Contributors to This Issue

Samantha Baskind, Associate Professor of Art History at Cleveland State University, is the author of Raphael Soyer and the Search for Modern Jewish Art (2004) and Encyclopedia of Jewish American Artists (2007). Her current book project, Reimaging the Book: Jewish Artists and the Bible in Twentieth-Century America, considers the scope of biblical themes by Jewish American artists across a variety of media.

Michele Byers is Associate Professor at Saint Mary's University in Halifax and Rosalin Krieger is completing her doctoral dissertation at the University of Toronto. This is the third article on Jewish identity and television they have published together. Their work has also appeared in Culture, Theory and Critique (2005) and the anthology You Should See Yourself: Jewish Identity in Postmodern American Culture (2006).

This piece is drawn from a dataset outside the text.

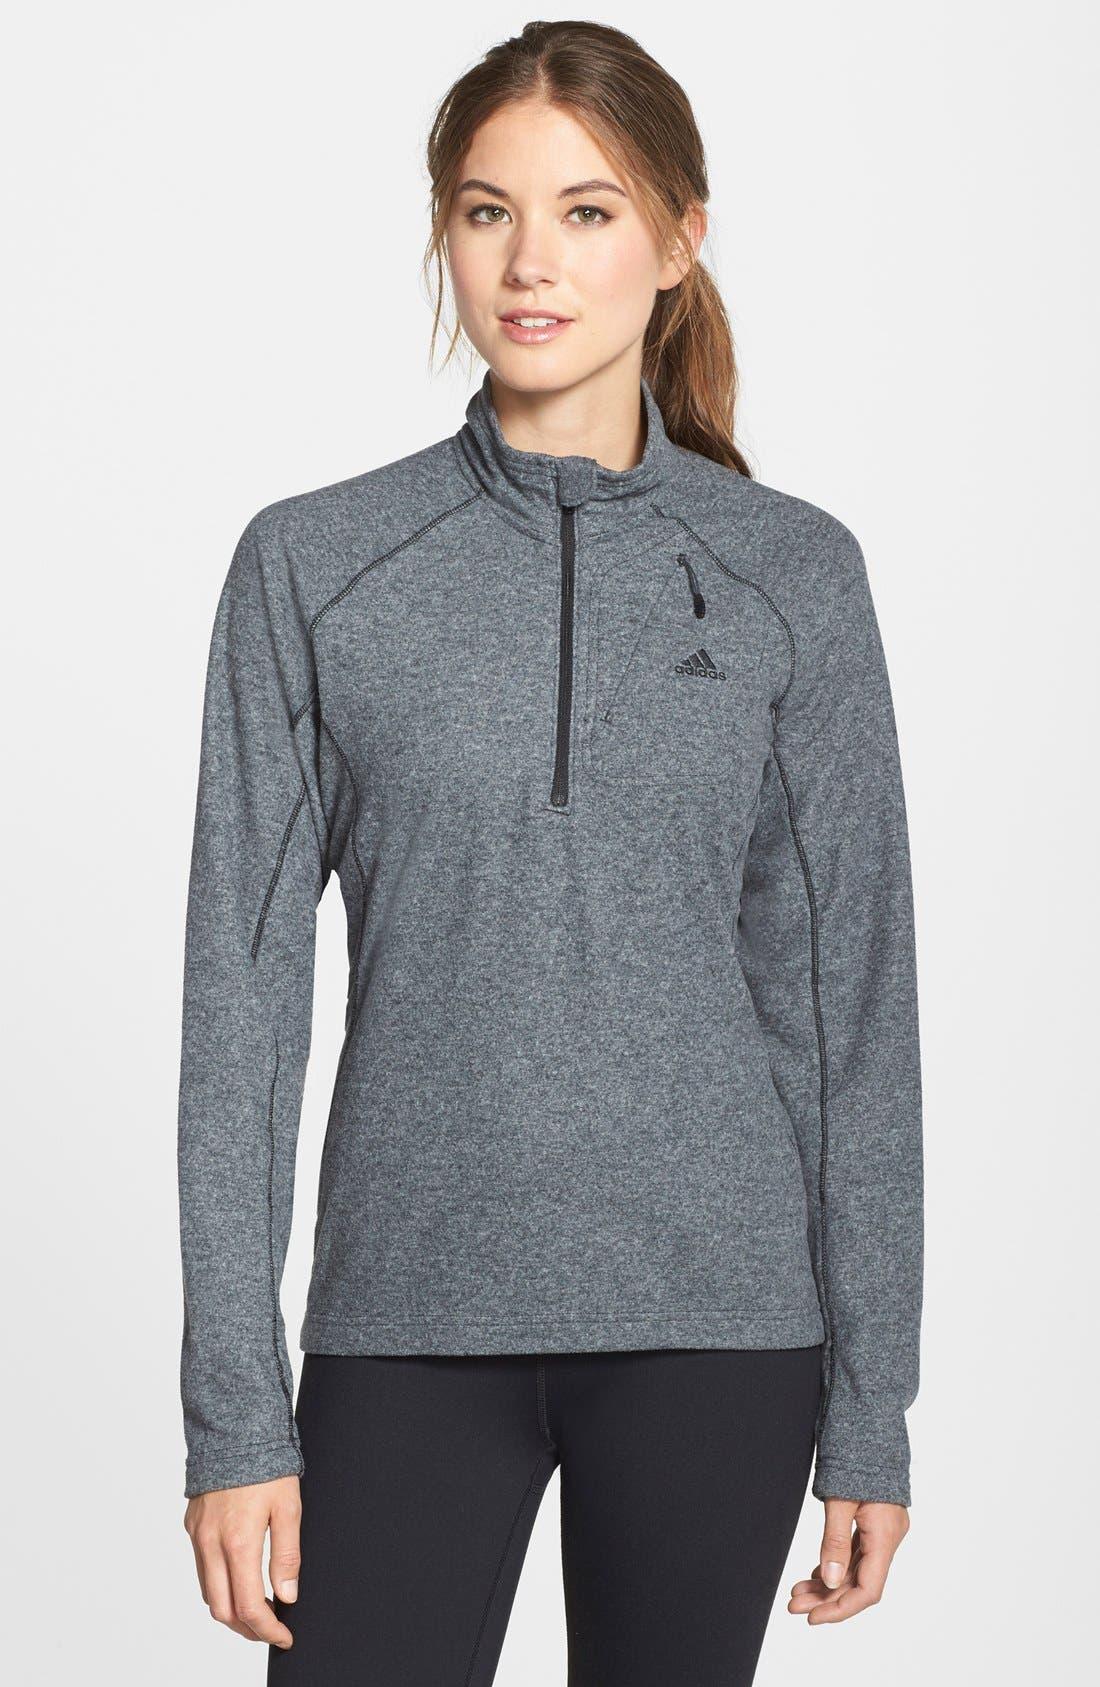 adidas 'Reachout' Half Zip Hiking Top

Mikel J. Koven is Lecturer in Film and Television Studies at the University of Wales, Aberystwyth. He has published extensively in the area of folklore & film in such journals as Ethnologies, Culture & Tradition, Contemporary Legend, Journal of American Folklore, Literature/Film Quarterly, and Scope. He is co-editor of a special issue of Western Folklore on Folklore & Film, and co-editor of Filmic Folklore (Utah State University Press, forthcoming). Koven is also a contributor in Steffan Hanke's collection Caligari's Grandchildren (Scarecrow Press, forthcoming). His book, La Dolce Morte: Vernacular Cinema and the Italian Giallo Film (Scarecrow Press, 2006) is due out by the end of the year.

David J. Leonard is Assistant Professor in the Department of Comparative Ethnic Studies at Washington State University. He has written on sports, video games, film, and social movements, appearing in both popular and academic mediums. He recently published, with C. Richard King, Visual Economies of/in Motion: Sport and Film (Peter Lang Publishing Group: 2006), an edited volume on sports films, and a monograph, Screens Fade to Black: Contemporary African American Cinema, with Praeger Publishers. He is currently working on a monograph looking at race and the NBA (SUNY Press, expected 2008), and another (with C. Richard King) analyzing the production and consumption [End Page vii] of media culture within white nationalist communities (University of Mississippi Press, expected 2008).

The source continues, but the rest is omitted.